The entire basis for Friedman’s belief that such a “national unit ticket” could work is because of the purported success of a coalition in Israel where conservative Prime Minister Naftali Bennett and center-left Alternate Prime Minister Yair Lapid “came together for a four-year national unity government.” We at SFGATE will not pretend to be experts on the inter-workings and nuances of Israeli politics (which hardly seems like a utopia where conditions are improving), but Friedman was nice enough to make the argument that Israel is a poor analogy for us.

“America does not have the flexibility of a parliamentary, proportional-representation system, like Israel’s,” Friedman concedes.

What Friedman is embarrassingly blind to is the fact that there’s little evidence his primary goal — “creating a broad national unity vehicle that enables more Republicans to leave the Trump cult” — is possible with a figure like Liz Cheney.

Aside from the fact that there are many reasons Democratic voters would have major issues with Cheney, poll after poll has shown that Trump remains highly popular among Republican voters. While there are polls that show that there’s a significant proportion of Republicans who do not want Trump for president again 2024, Friedman mistakes a desire to move on from Trump the person for a desire to move from “Trumpism” the ideology as loosely defined.

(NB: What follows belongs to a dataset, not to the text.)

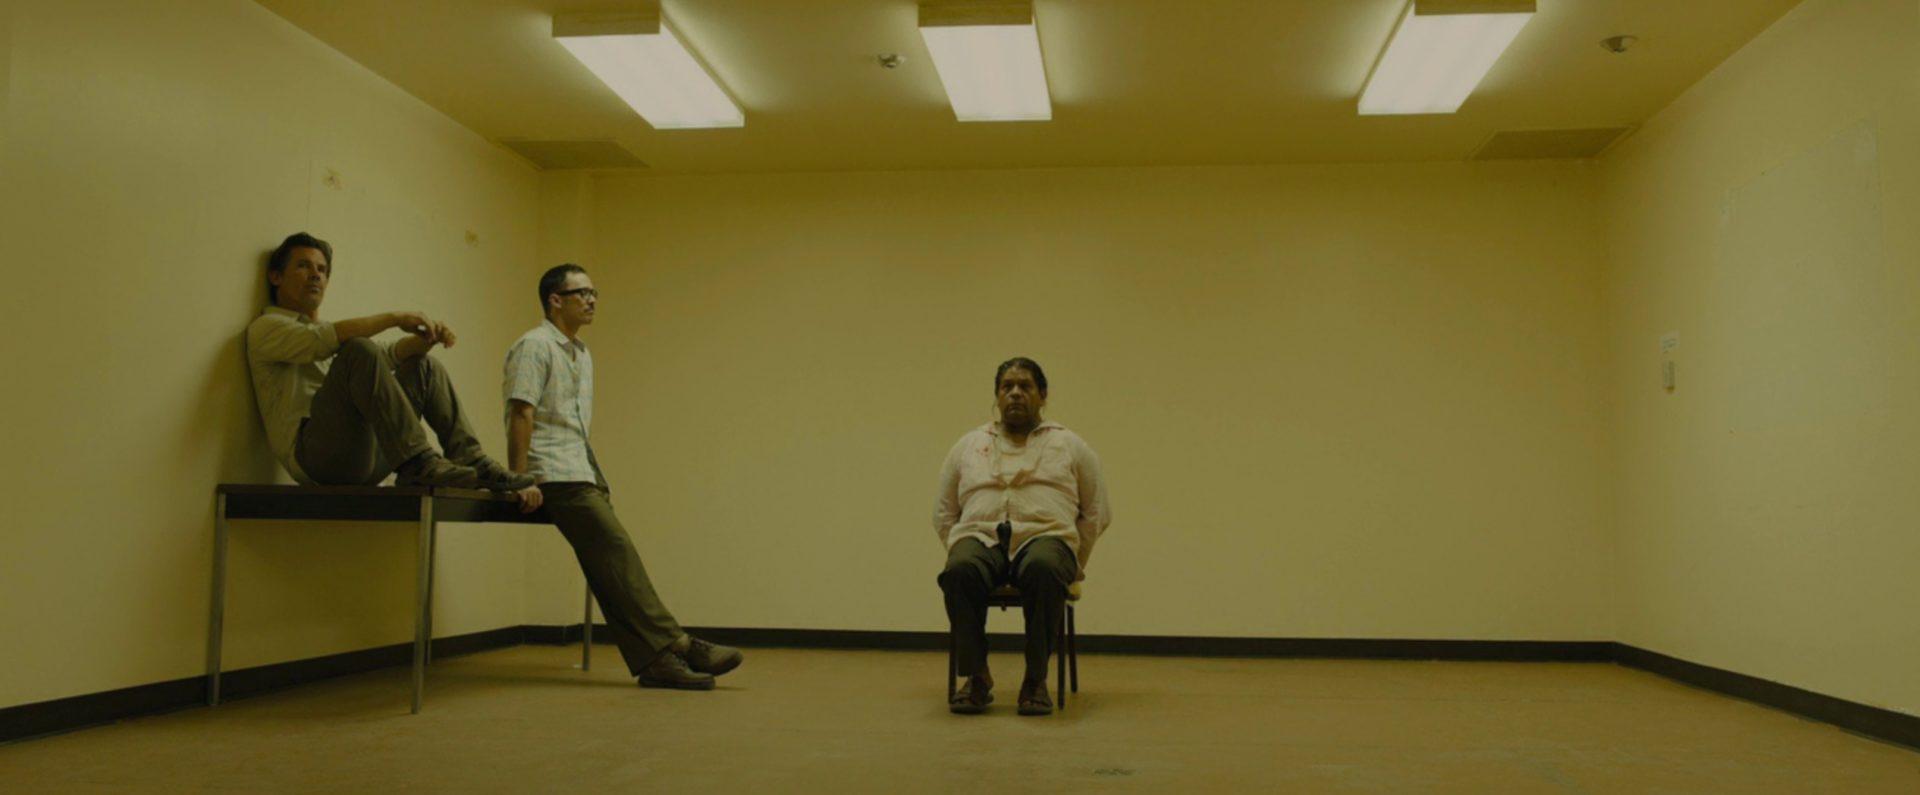 ボーダーライン(Sicario)のストーリーと名シーンをネタバレ動画で紹介する記事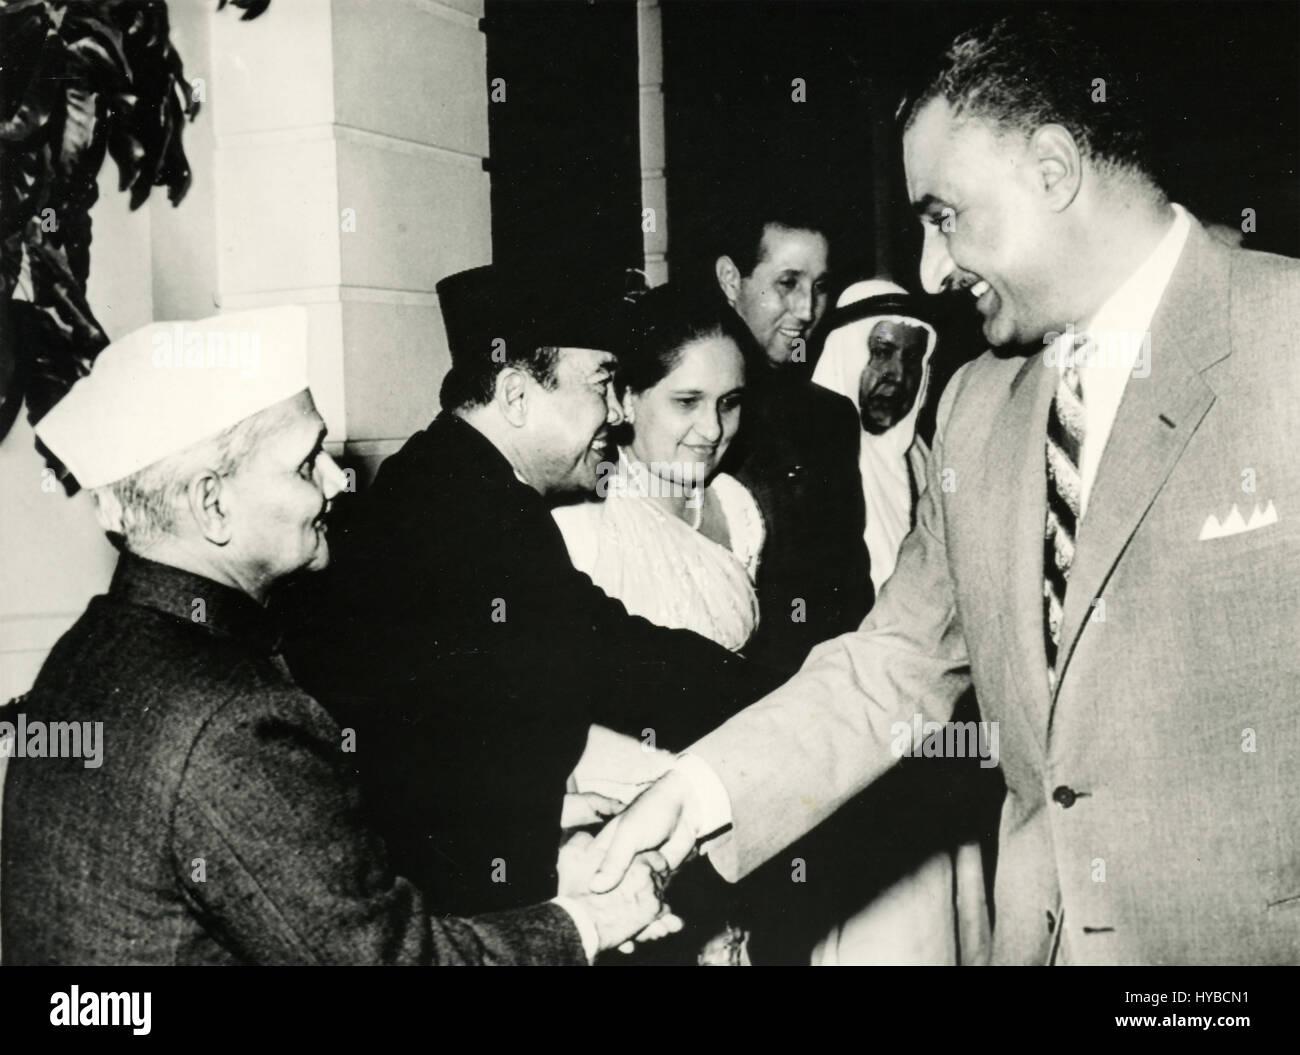 Egyptian president Gamal Abdel Nasser shake hands, Egypt - Stock Image

When pollsters have queried hypothetical 2024 Republican presidential primary contests, the candidate not named Trump who garners the most support is Florida Gov. Ron DeSantis, a combative culture warrior who is perceived by Republican voters as someone who can actually follow through on promises to implement protectionist immigration policies, more restrictive voting laws and measures targeting large tech companies.

GOP voters seem to have little appetite to return to Cheney’s establishmentarian brand of conservatism that emphasizes foreign policy interventionism and laissez faire economics. Candidates who fit that mold hardly register in 2024 GOP primary polls.

“Never-Trump” Republican establishment types have always been over-represented in the elite media circles Friedman runs in, which makes his analysis somewhat unsurprising, albeit no less terrible.